重点投資分野では、各事業セグメントで差別化戦略を推進しています。3Dプリンター事業では、ハイエンド樹脂3Dプリンターの積極導入やAM(積層造形)サービスによる量産品受注体制の確立に注力しています。鋳造事業では伊豆木産業用地に新工場を建設し、大型鋳造品への対応と生産キャパシティの大幅向上を実現しました。トヨタ生産方式の導入により効率的な量産体制も構築し、試作から量産まで幅広いニーズに対応できる体制を整えています。
新市場開拓では、医療分野への本格参入が目玉となっています。心臓カテーテルシミュレーター「HEARTROID」は国内外の医療機関で採用が進んでおり、世界各地の学会・展示会での営業活動強化により規格製品の売上拡大を見込んでいます。また、従来の自動車業界中心の顧客構成から脱却し、業種・業界の多様化を図ることで安定的な収益基盤の確立を目指しています。CT事業では映像メディアや学術研究分野での需要開拓にも成功し、リチウムイオン電池などの二次バッテリー検査需要の取り込みも進めています。

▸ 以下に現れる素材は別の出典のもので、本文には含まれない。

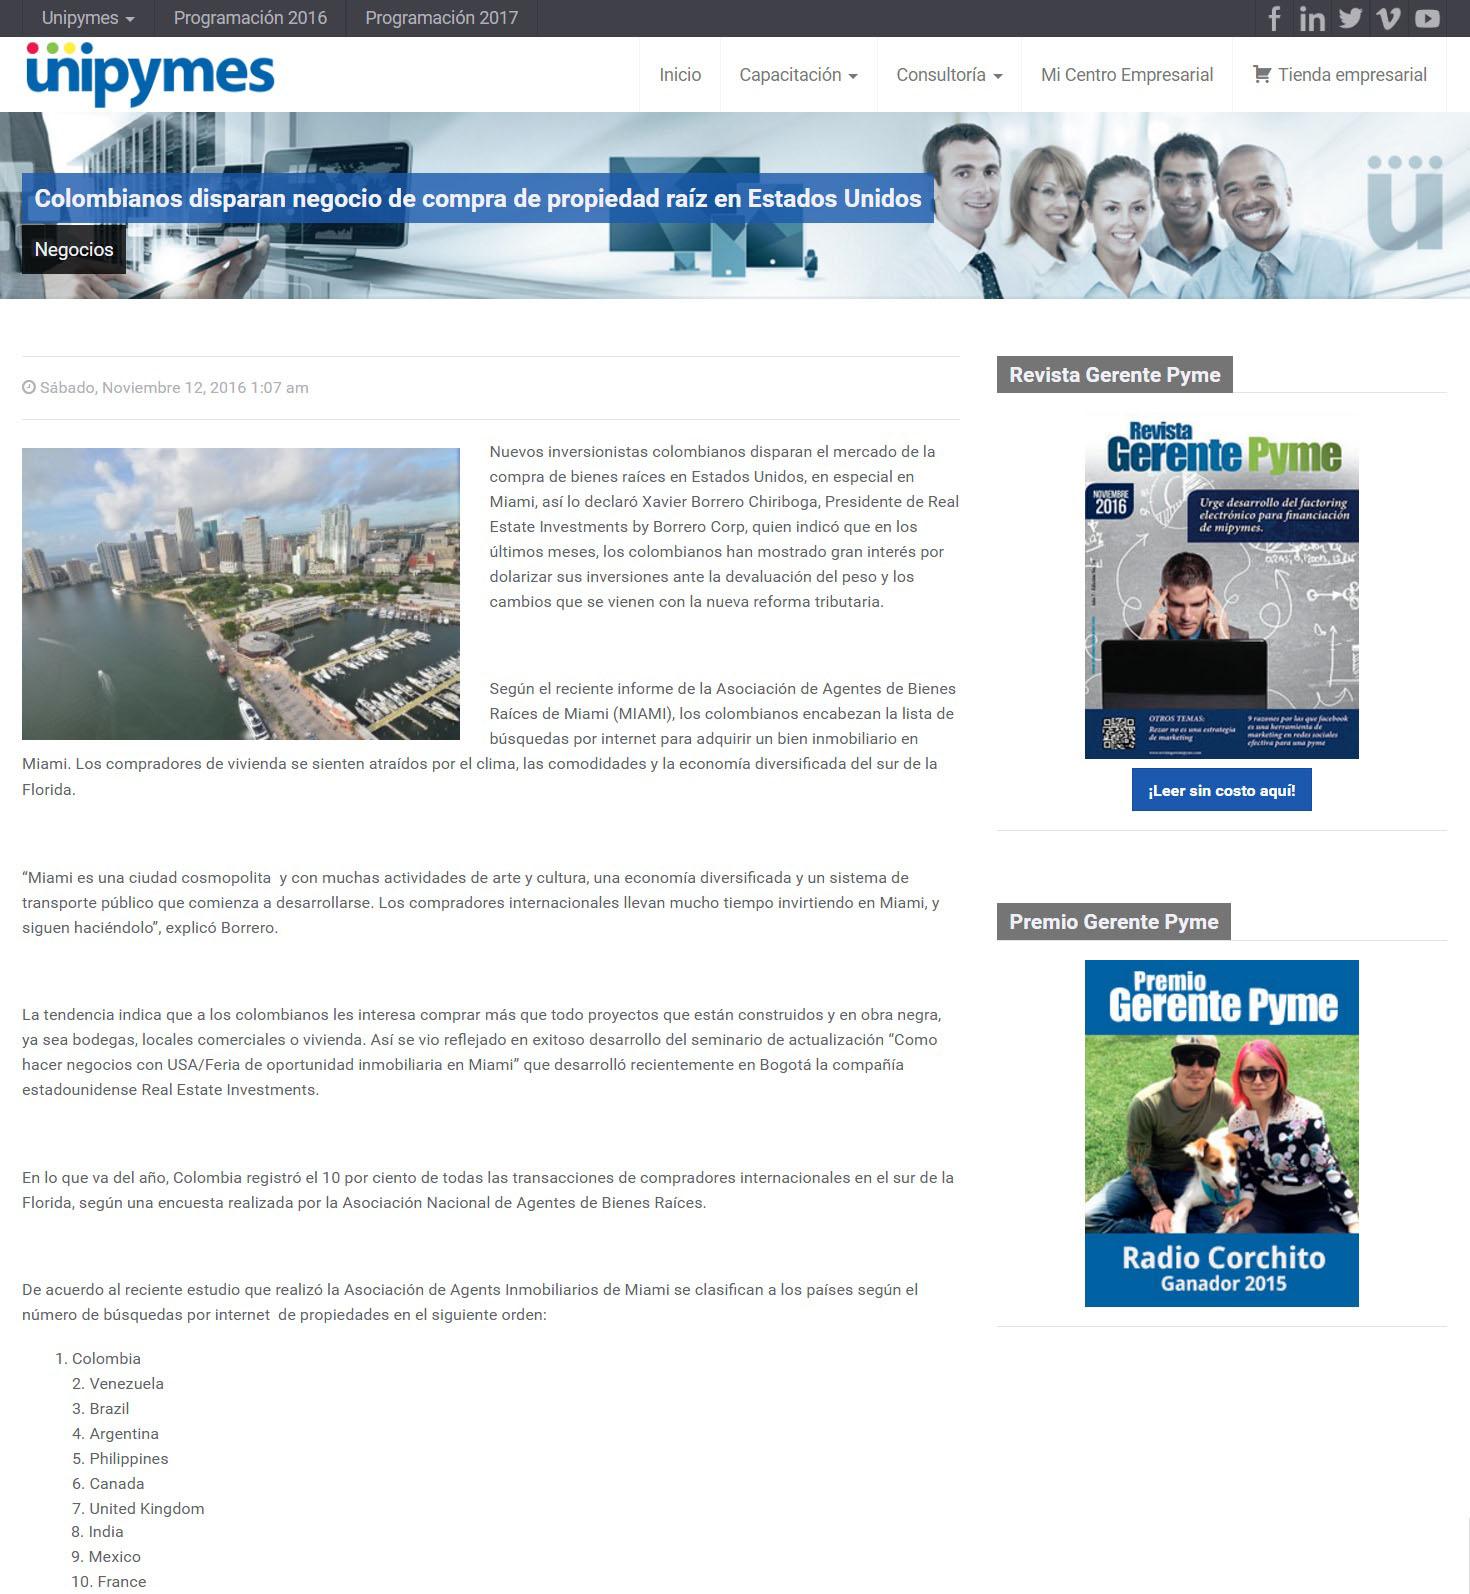 Unipymes 12 de Noviembre de 2016 [web]

技術革新への取り組みでは、大阪大学大学院医学系研究科との共同研究により医療シミュレーター技術の高度化を推進しています。EOS社やCMET社など海外技術パートナーとの連携を通じた樹脂3Dプリンター技術の普及にも注力し、協業プロジェクト「3D innovation Hub」ではあらゆる領域での3Dプリンター活用ニーズの発掘を推進しています。同社は単なる製造請負企業ではなく、顧客の研究開発パートナーとしての地位確立を通じて、持続的な競争優位性の構築を図っています。